Fuses take longer to react to an overload condition and rarely blow as the fault caused by a lamp blowing clears fairly quickly.

Our tests show that a cold 50W GU10 spotlamp has a resistance of 91 Ohms.
From our GCSE science, we would expect a resulting current of 230 Volts ÷ 91 Ohms = 2.5 Amps.
But 230 Volts x 2.5 Amps = 575 Watts, more than 10 times what we expect (we expect 50 Watts).

As the filament inside the lamp warms up, the resistance increases to 1060 Ohms,
giving us a more reasonable current of 230 Volts ÷ 1060 Ohms = 0.22 Amps and
using 230 Volts x 0.22 Amps = 50 Watts of power as expected.

From switching on the lamp to the filament warming up, there must be a surge of current due to the initial low resistance.
This surge of current causes rapid heating of the filament and mechanical stress because some parts of the filament are still cold.
Sometimes the mechanical stress causes the filament to break, leaving a small gap between the two ends.
As the two ends of the filament are connected to a supply of current, an electrical arc forms,
resulting in a cloud of conductive gas (plasma) inside the glass envelope of the lamp.
As this plasma is electrically conductive, a high current flows between the filament ends acting as electrodes.
This high current is "seen" by the circuit breaker as a fault, resulting in disconnection of the supply.
The fault condition does not continue for long (less than a second) and fuses usually take at least a second to react to an overload.
Sometimes you can see the light glowing very brightly when first switched on for a fraction of a second before it blows.
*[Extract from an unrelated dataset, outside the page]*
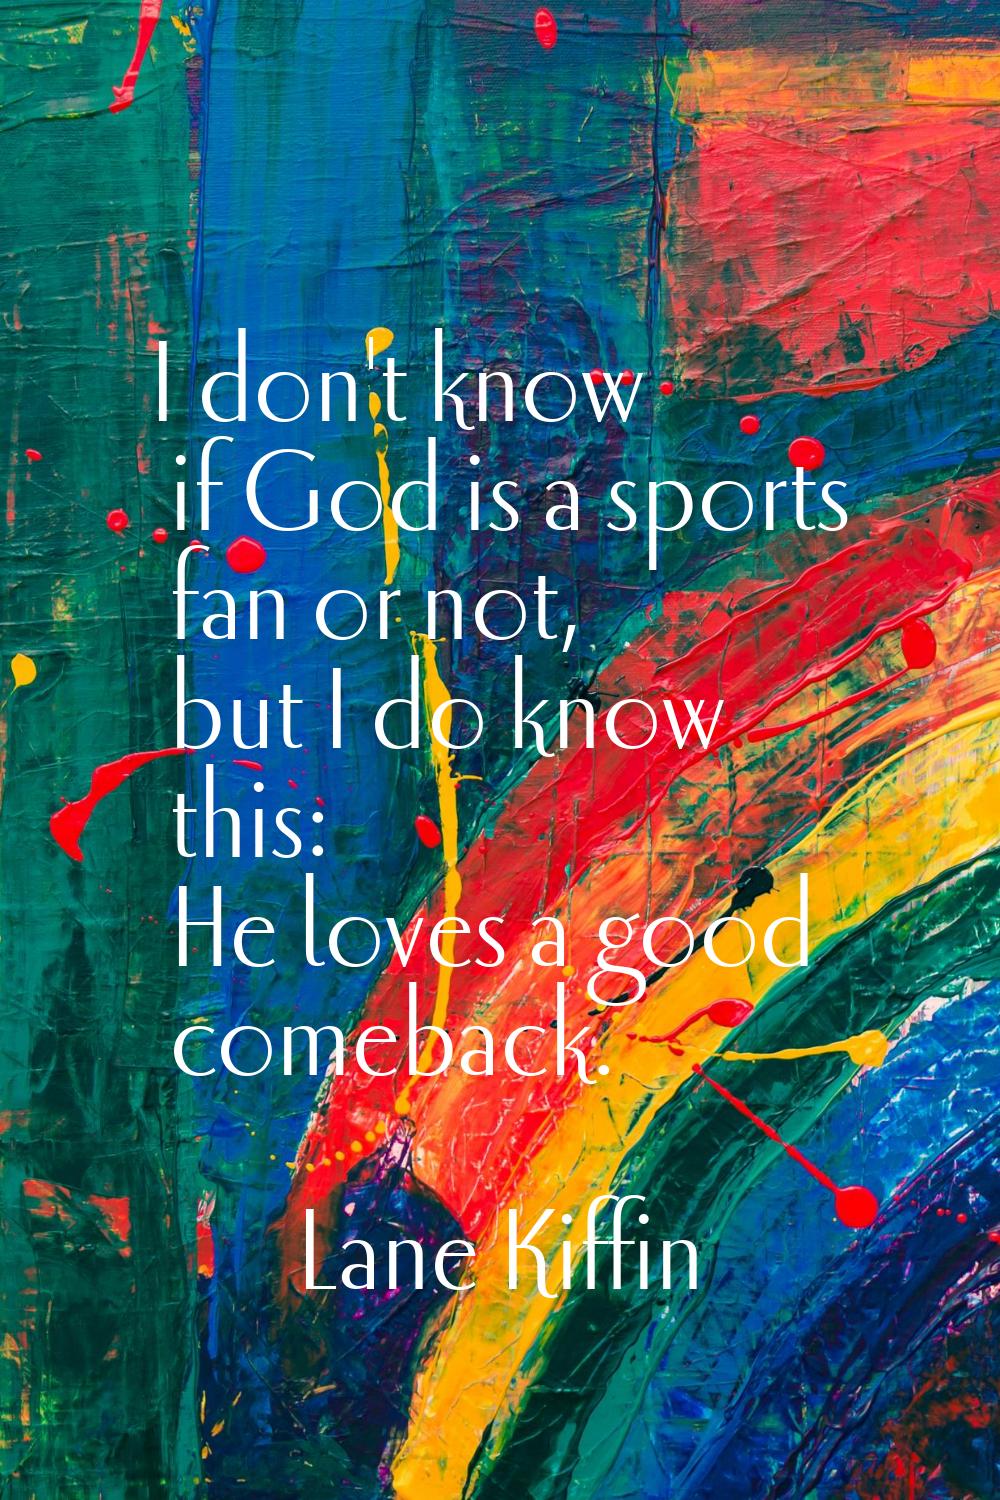 I don't know if God is a sports fan or not, but I do know this: He loves a good comeback.

Diagram of the test setup to measure the GU10 switch on surge current

Our experiment to measure the surge current when powering up a 50W GU10 spotlamp.
WARNING: Do not attempt to reproduce this experiment.
It was done by someone who has spent a lifetime safely investigating faults in electrical & electronic systems.
Electricity has the ability to kill you, and it will unless you know exactly what you are doing.
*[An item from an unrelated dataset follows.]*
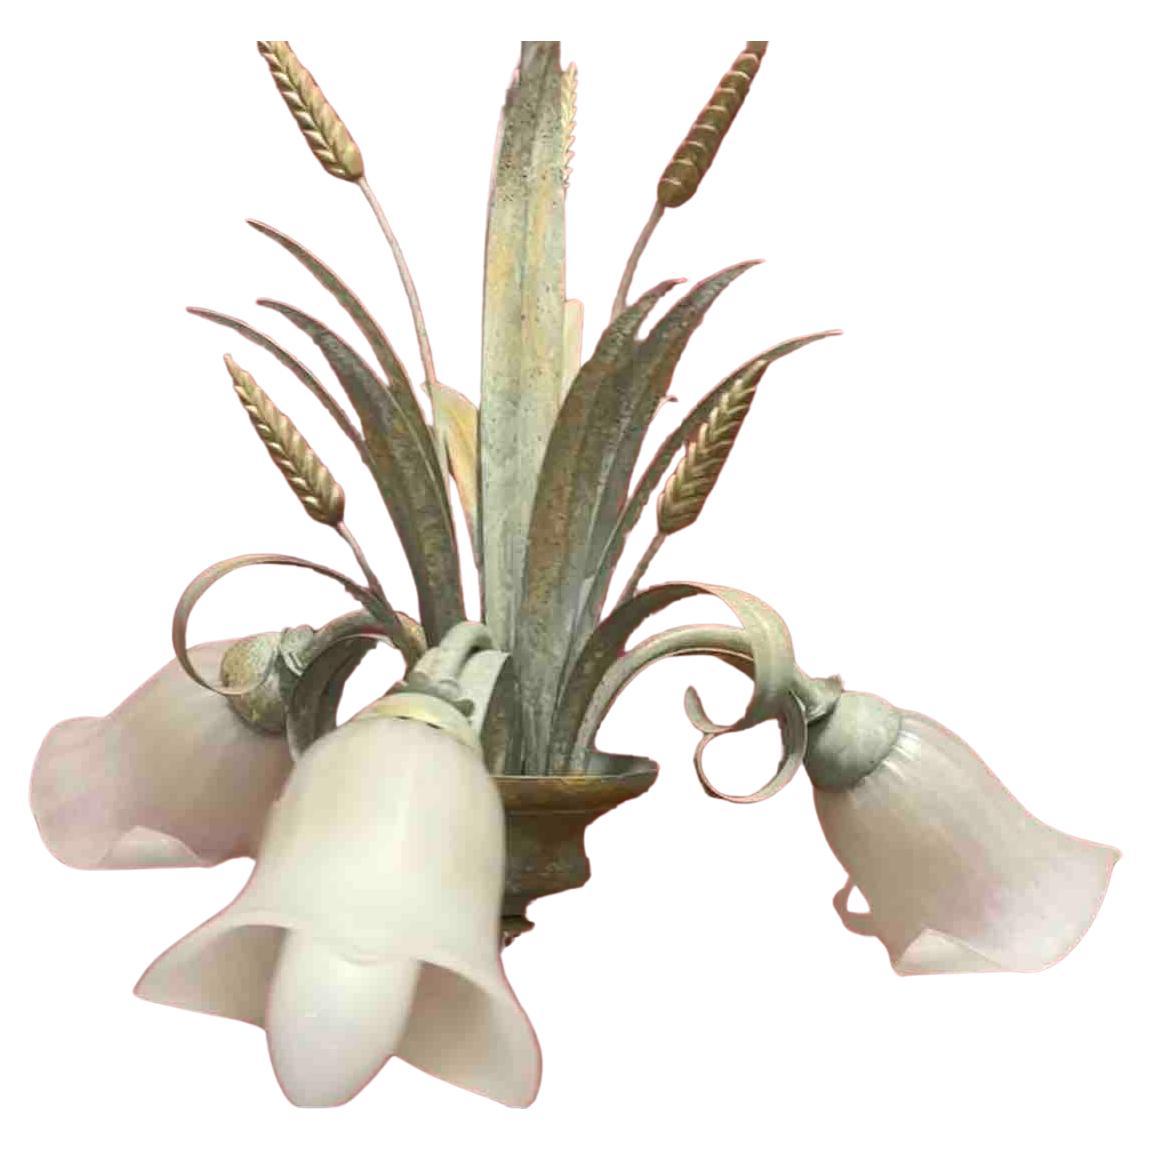 A Hollywood Regency midcentury gilt and verdigris tole wheat sheaf chandelier in Coco Chanel Style with beautiful Murano glass shades, the fixture requires three European E14 candelabra bulbs, each bulb up to 40 watts. This light has a beautiful

Oscilloscope trace of a GU10 switch on surge current

This Oscilloscope trace shows the surge current when switching on a GU10 lamp from cold.

HOW DOES GRAVITY AFFECT LIGHT ?

We all know from Albert Einstein that light can be made to change direction by interaction with gravity,
however that's not really the affect we have in mind here.
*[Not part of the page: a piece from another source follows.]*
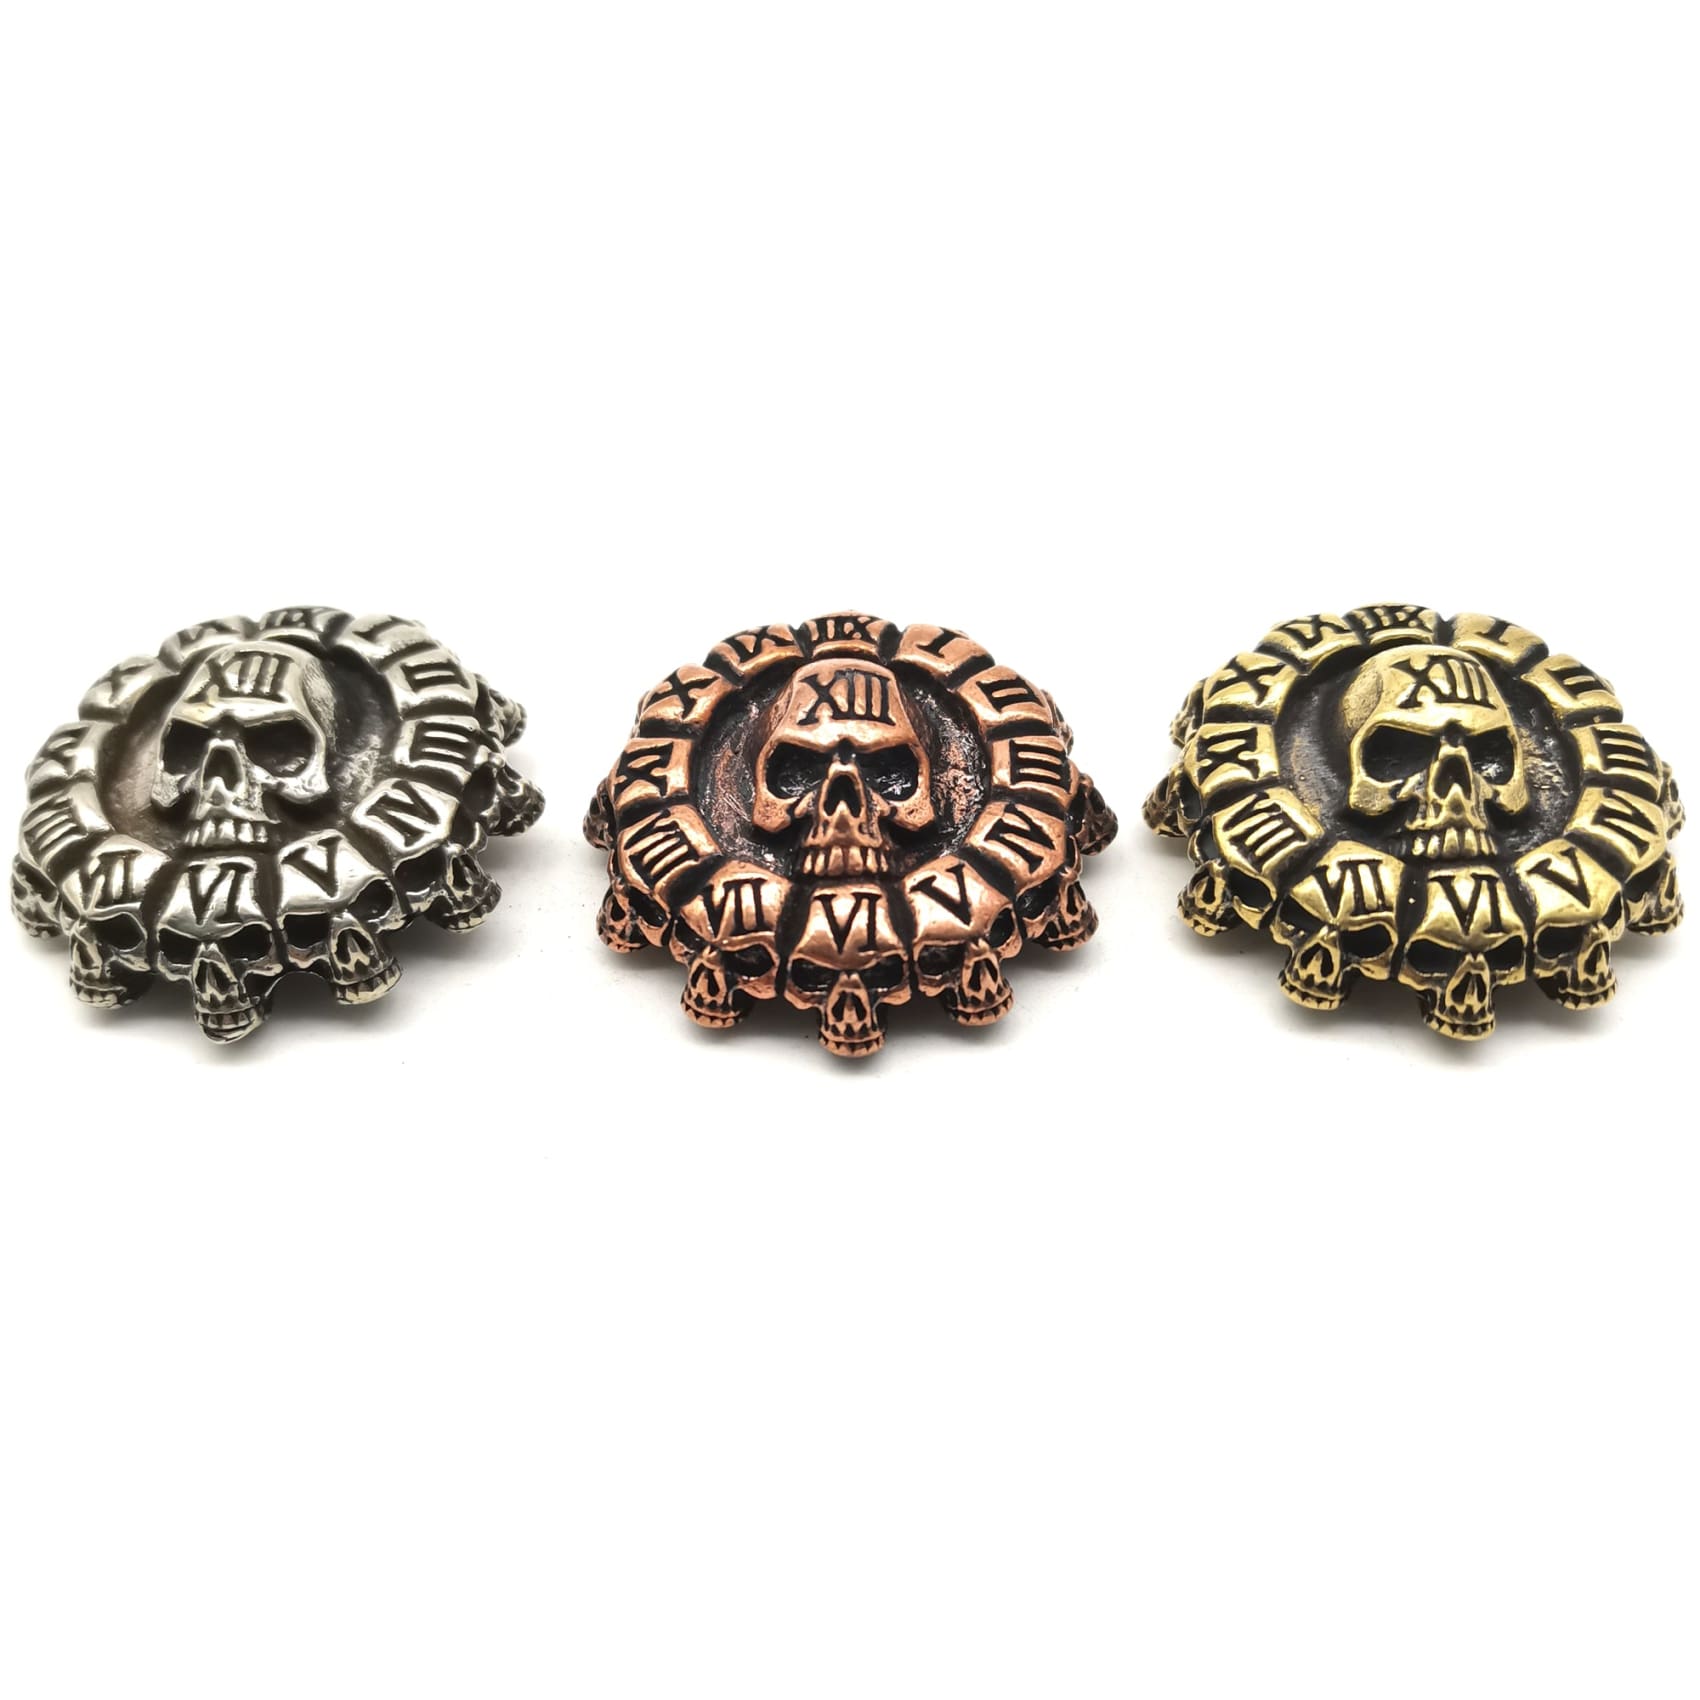 40mm Copper Casted Death Skull Conchos Screw Back Leather Bag Decoration Accessories - Concho

When a light bulb from a table lamp is used to replace a blown ceiling light, it doesn't last very long.
This because the filament in the bulb was subjected to the force caused by gravity stressing the filament
in the direction of the base.
When the same bulb is now turned upside down and fitted in a ceiling light, the stress on the filament
is now in the direction away from the base.

From our experiments on surge currents on startup above, and the fact that the filaments get more brittle with age
there is a greater risk that the bulb will "blow"
sooner rather than later after relocation.